Tomorrow, scientists and government officials will gather in Valencia, Spain, to put together the fourth and last United Nations report on the state of global warming and what it will mean to hundreds of millions of people whose lives are being dramatically altered.
Unlike the past three tomes, this one will have little new data. Instead, it will distill the previous work into a compact guide of about 30 pages that summarizes complex science into language that politicians and bureaucrats can understand.
It will be the first point of reference for negotiators meeting next month in Bali, Indonesia, to decide the future course of the worldwide push to curb greenhouse gas emissions after the 2012 expiration of the first phase of the Kyoto Protocol, the landmark agreement that assigned binding reduction targets to 36 countries.

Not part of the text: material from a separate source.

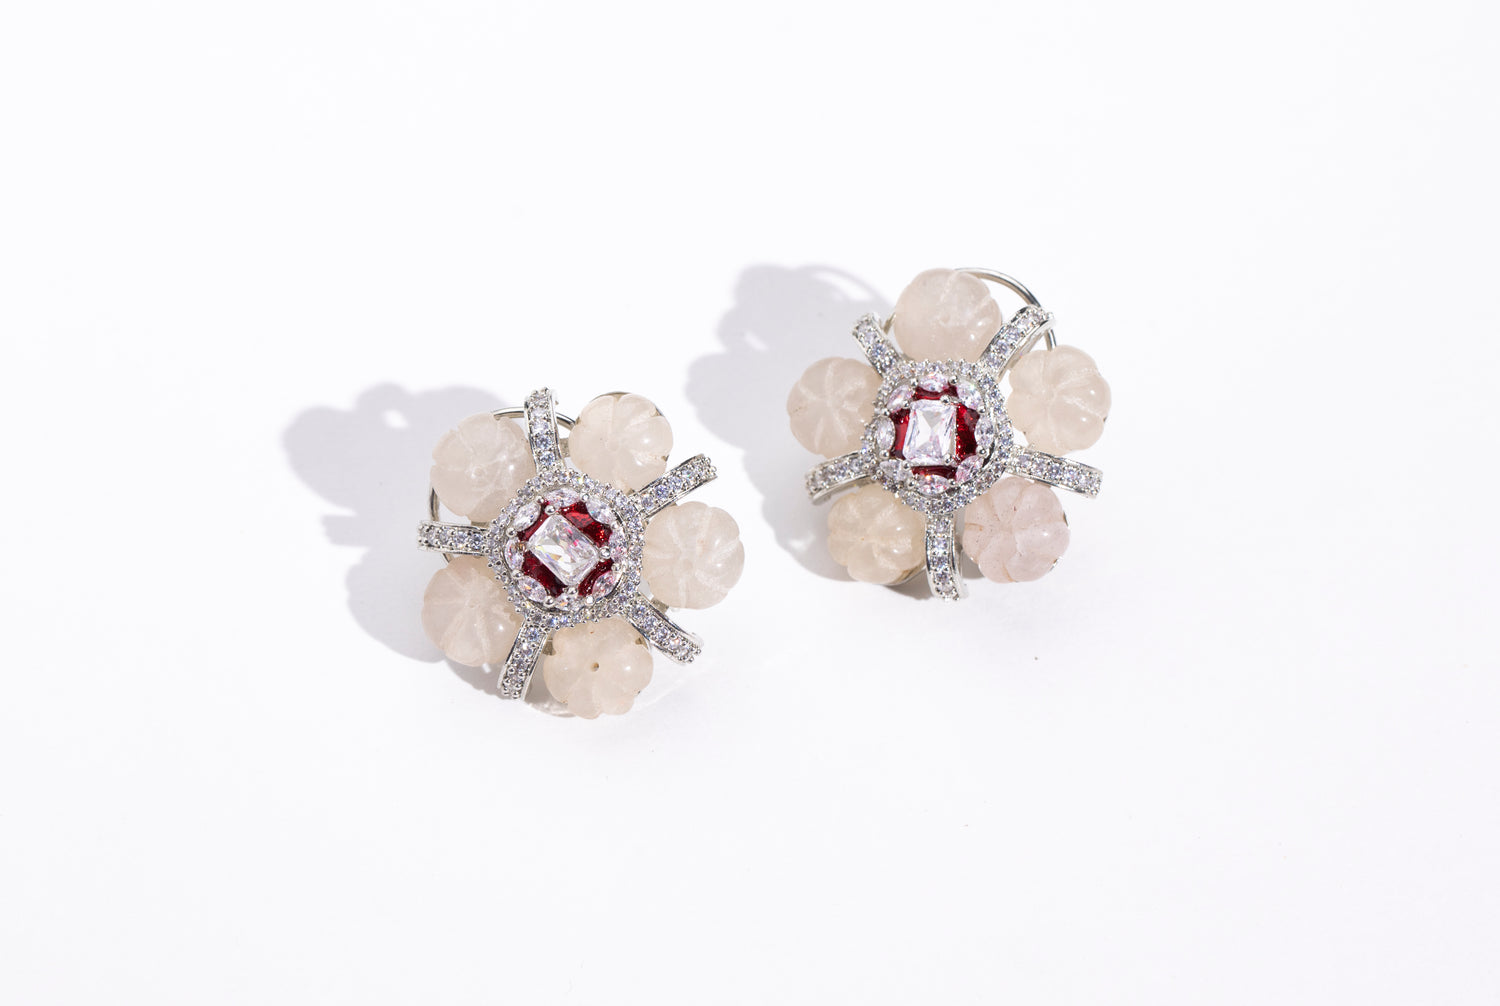 Statement Earrings with Sparkling Swarovski Stones

On Friday, UN Secretary General Ban Ki-moon visited Antarctica to see firsthand the effects of climate change and the melting of glaciers. Ban flew from Chile's southernmost city of Punta Arenas to that country's station on Antarctica, the Eduardo Frei base, accompanied by officials and scientists. From there, he took a 45-minute flight over the region, seeing several glaciers.
The UN's new global warming report is the last of four issued by the Intergovernmental Panel on Climate Change. One of its authors, Bert Metz, of the Netherlands Environmental Assessment Agency, said it "integrates all the elements, the connections between them."
UN officials delayed the Bali meeting by several months until after the report is released, expecting it would add political momentum to the conference.
Though the Intergovernmental Panel on Climate Change was created in 1988 to assess the science of global warming, its work gathered a momentum this year that has helped reshape opinion in the public and governments.
In the ultimate validation, the panel's warnings on man-induced climate change shared the Nobel Peace Prize with Al Gore, former vice president, the world's best-known global warming campaigner.
"The reactions that I heard from politicians around the world is that they were shocked by the reports and that they should be acted on," said Yvo de Boer, the UN's top climate official.
The United States, Australia, and many developing countries that shunned the Kyoto treaty are now ready to begin discussing a successor agreement at the Bali conference, De Boer said.
"There is a growing consensus that Bali needs to achieve a breakthrough to put negotiations in place, and that's very encouraging," he said. "But it's not going to be a piece of cake."
Campaigners are looking for the final "synthesis report" to emphasize the action governments can take, the consequences of inaction and the brief time remaining to put that action into gear.